## Directions for this task
Transcribe the entries below word for word, beginning at the line with "Cattle Egrets, Bubulcus" and stopping after the line with "for your forever"; drop all pictures.

## Source data
________

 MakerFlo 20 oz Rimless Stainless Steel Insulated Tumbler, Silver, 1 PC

________

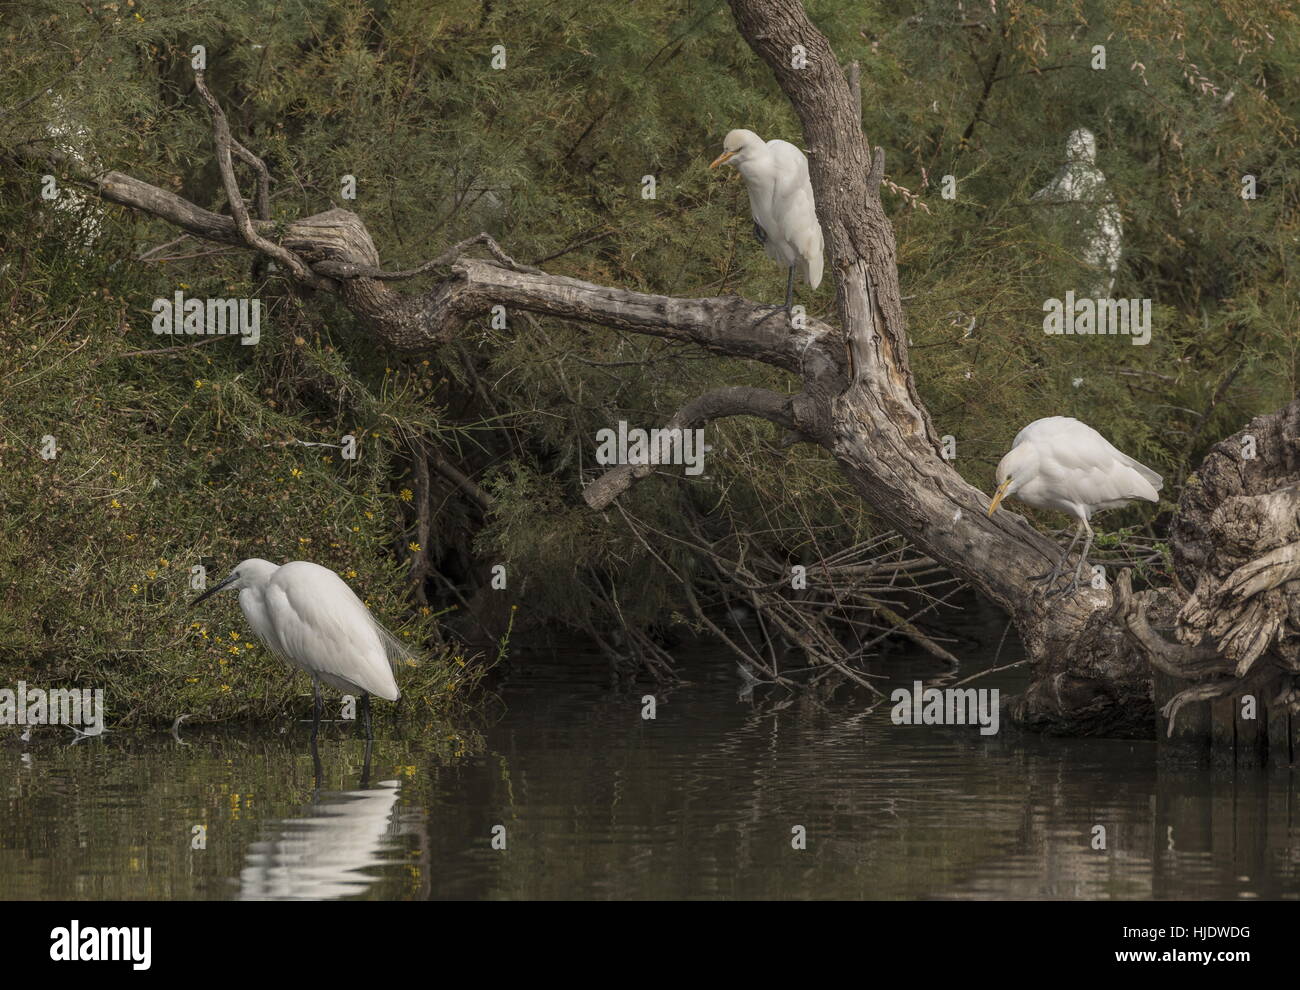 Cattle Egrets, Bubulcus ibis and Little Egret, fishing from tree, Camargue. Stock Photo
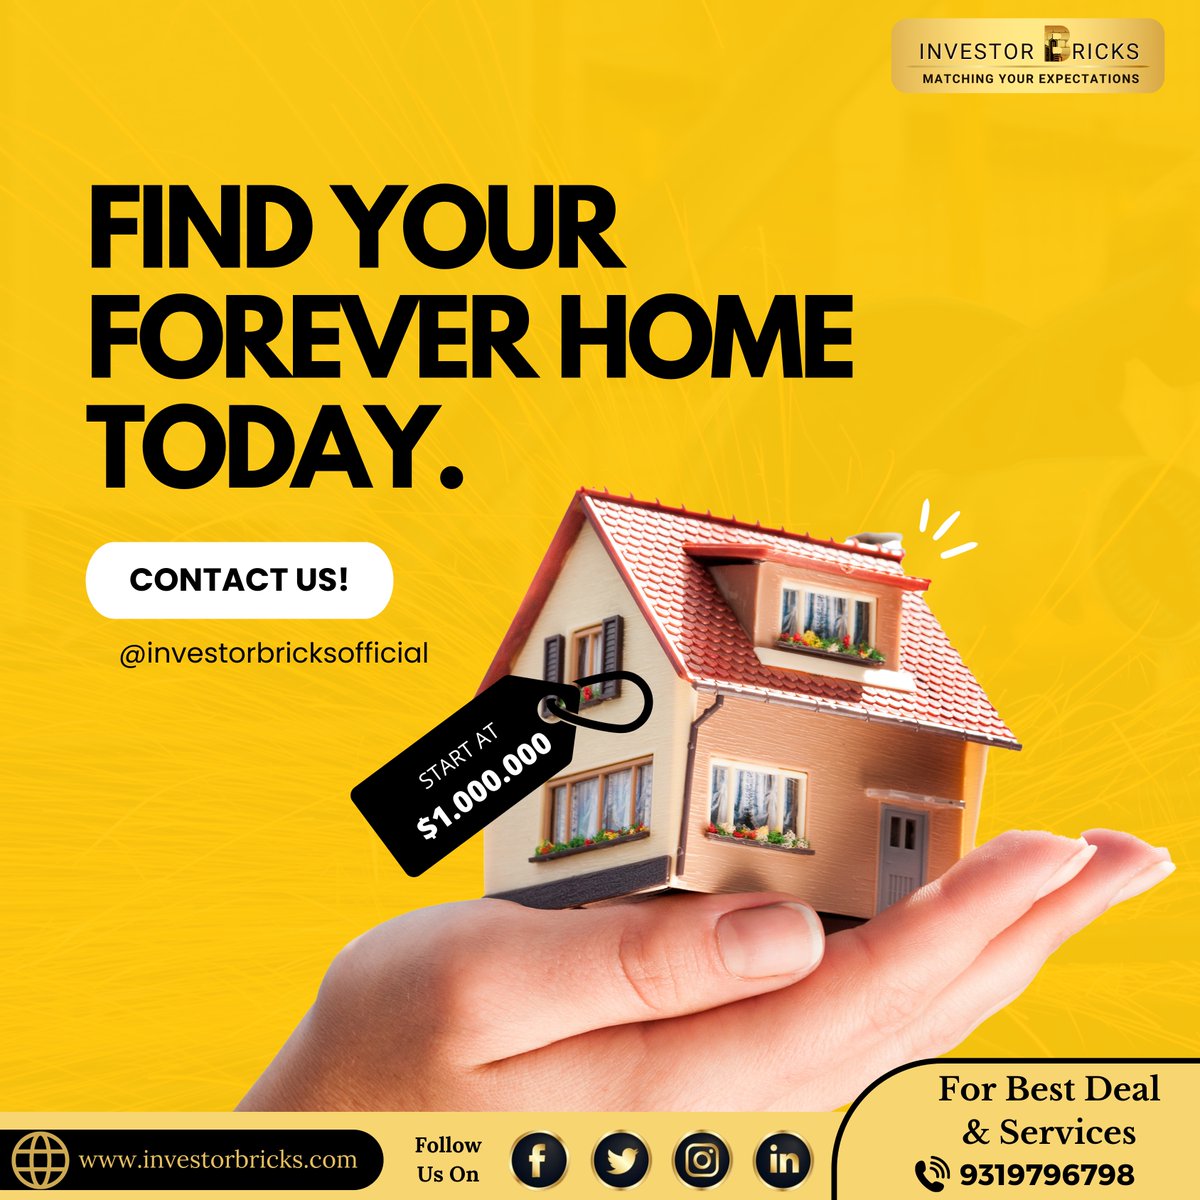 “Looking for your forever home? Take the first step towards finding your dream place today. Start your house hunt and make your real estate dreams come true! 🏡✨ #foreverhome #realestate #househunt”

________

## Solution for this exercise
 Cattle Egrets, Bubulcus ibis and Little Egret, fishing from tree, Camargue. Stock Photo
 “Looking for your forever home? Take the first step towards finding your dream place today. Start your house hunt and make your real estate dreams come true! 🏡✨ #foreverhome #realestate #househunt”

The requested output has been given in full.